Notable Interaction:
"Jenny, you've got to be fucking kidding me." – Linda ([22:00])
Themes Explored:
Jake Al Duke contributes a light-hearted yet relatable story submitted via social media, illustrating a humorous yet critical moment between him and his mother.
Story Overview:
"My mom said, sorry, I was thinking about gay sex." ([28:16])
Notable Quote:
"That's one of the major reasons I myself don't drive, because I so often veer off into thinking about gay sex." – Kevin Allison ([26:13])
Themes Explored:
Tommy O'Malley delivers an emotionally charged account of his relationship with his family, particularly focusing on his father's illness, his own struggles with identity and addiction, and the eventual reconciliation with his mother.
Key Highlights:
Family Tragedy: Tommy reflects on the death of his sister Allison and his father's battle with diabetes and cancer, painting a vivid picture of the family's resilience and unspoken tensions.
"My dad was a type of diabetic that we wanted to keep him about 100 to 140 blood sugar wise... When he got to seven, that was very close to zero." ([35:00])
Personal Struggles: Post his father's death, Tommy grapples with addiction and the discovery of his sexuality, leading to strained relationships and a sense of isolation.
"I discovered that I was gay. And it was fucking awesome.

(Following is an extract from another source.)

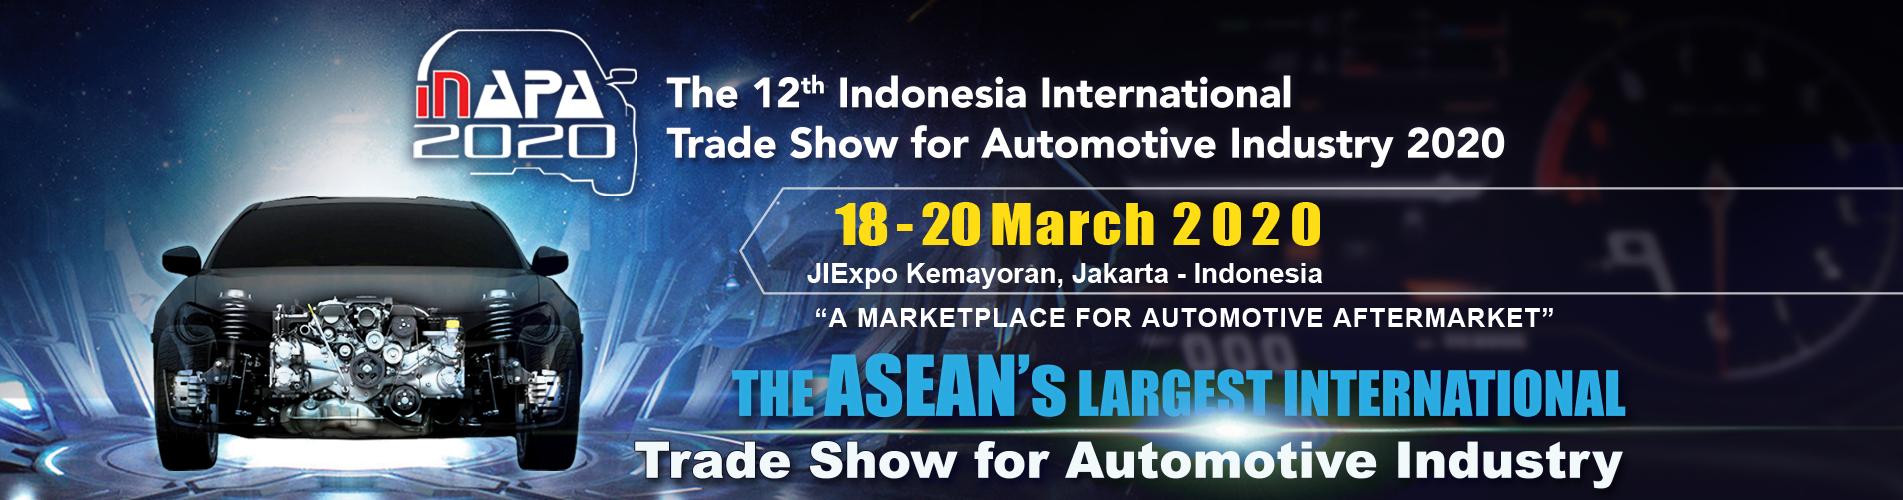 Exhibitor List Inapa Exhibition Indonesia

But it was also frightening because I didn't want to have to tell my super Catholic mother." ([38:00])
Reconciliation: At a low point, contemplating suicide, Tommy reaches out to his mother, leading to a delayed yet heartfelt reunion that marks the beginning of mending their fractured relationship.

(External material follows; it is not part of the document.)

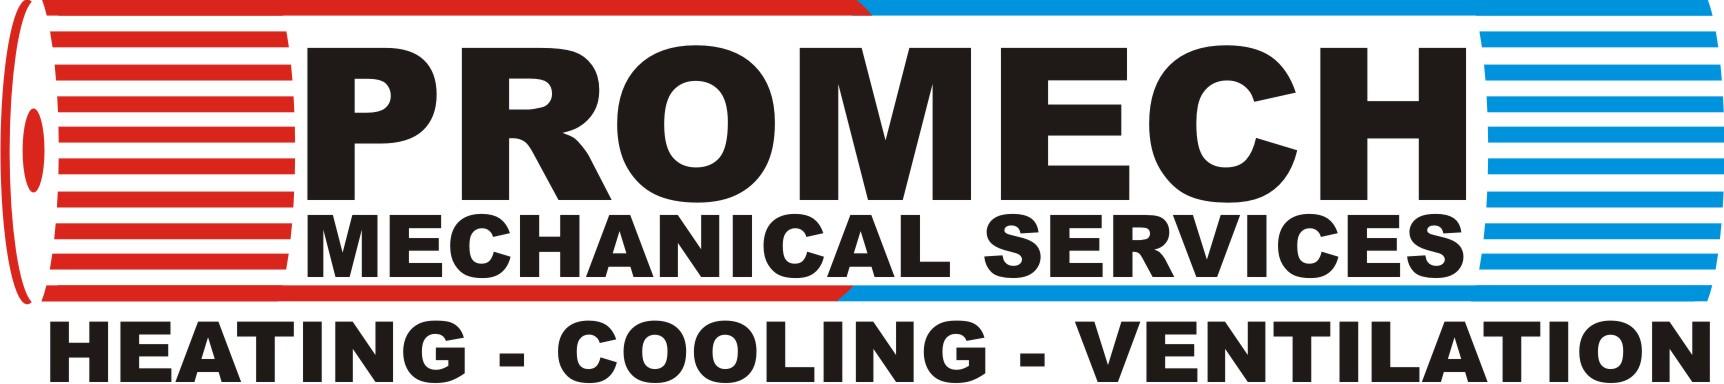 Promech Mechanical Services

"We don't need to be fighting against each other. We can be fighting for each other." ([40:28])
Notable Quote:
"What the fuck were you thinking getting your ears pierced." – Mother ([40:28])
Themes Explored:
Kevin Allison intersperses the main stories with brief anecdotes and listener submissions, adding layers of humor and relatability to the episode.
Key Highlights:
Listener Anecdote: A humorous story about a near-accident caused by a distracted conversation between a mother and son.
"And then, even though the light was still red, the car started to move forward... I yelled, mom break." ([26:13])
Closing Remarks: Kevin wraps up the episode by reflecting on the shared experiences and emphasizing the importance of taking risks in sharing personal stories.
"Today's the day. Take a risk." ([41:12])
Themes Explored:
"Mother Lovers" offers an unflinching exploration of the bonds between mothers and their children, highlighting the multifaceted nature of these relationships. Through Jenny Smith's tales of childhood resilience, Guadalupe Plata's struggles with marital and family dynamics, and Tommy O'Malley's journey of addiction and reconciliation, the episode paints a vivid portrait of love, conflict, and the enduring quest for understanding. Kevin Allison masterfully guides these narratives, ensuring that each story resonates with authenticity and emotional depth.
Notable Closing Quote:
"Take a risk." – Kevin Allison ([41:12])
Listeners are left reflecting on their own relationships and inspired by the courage it takes to share and confront such personal stories.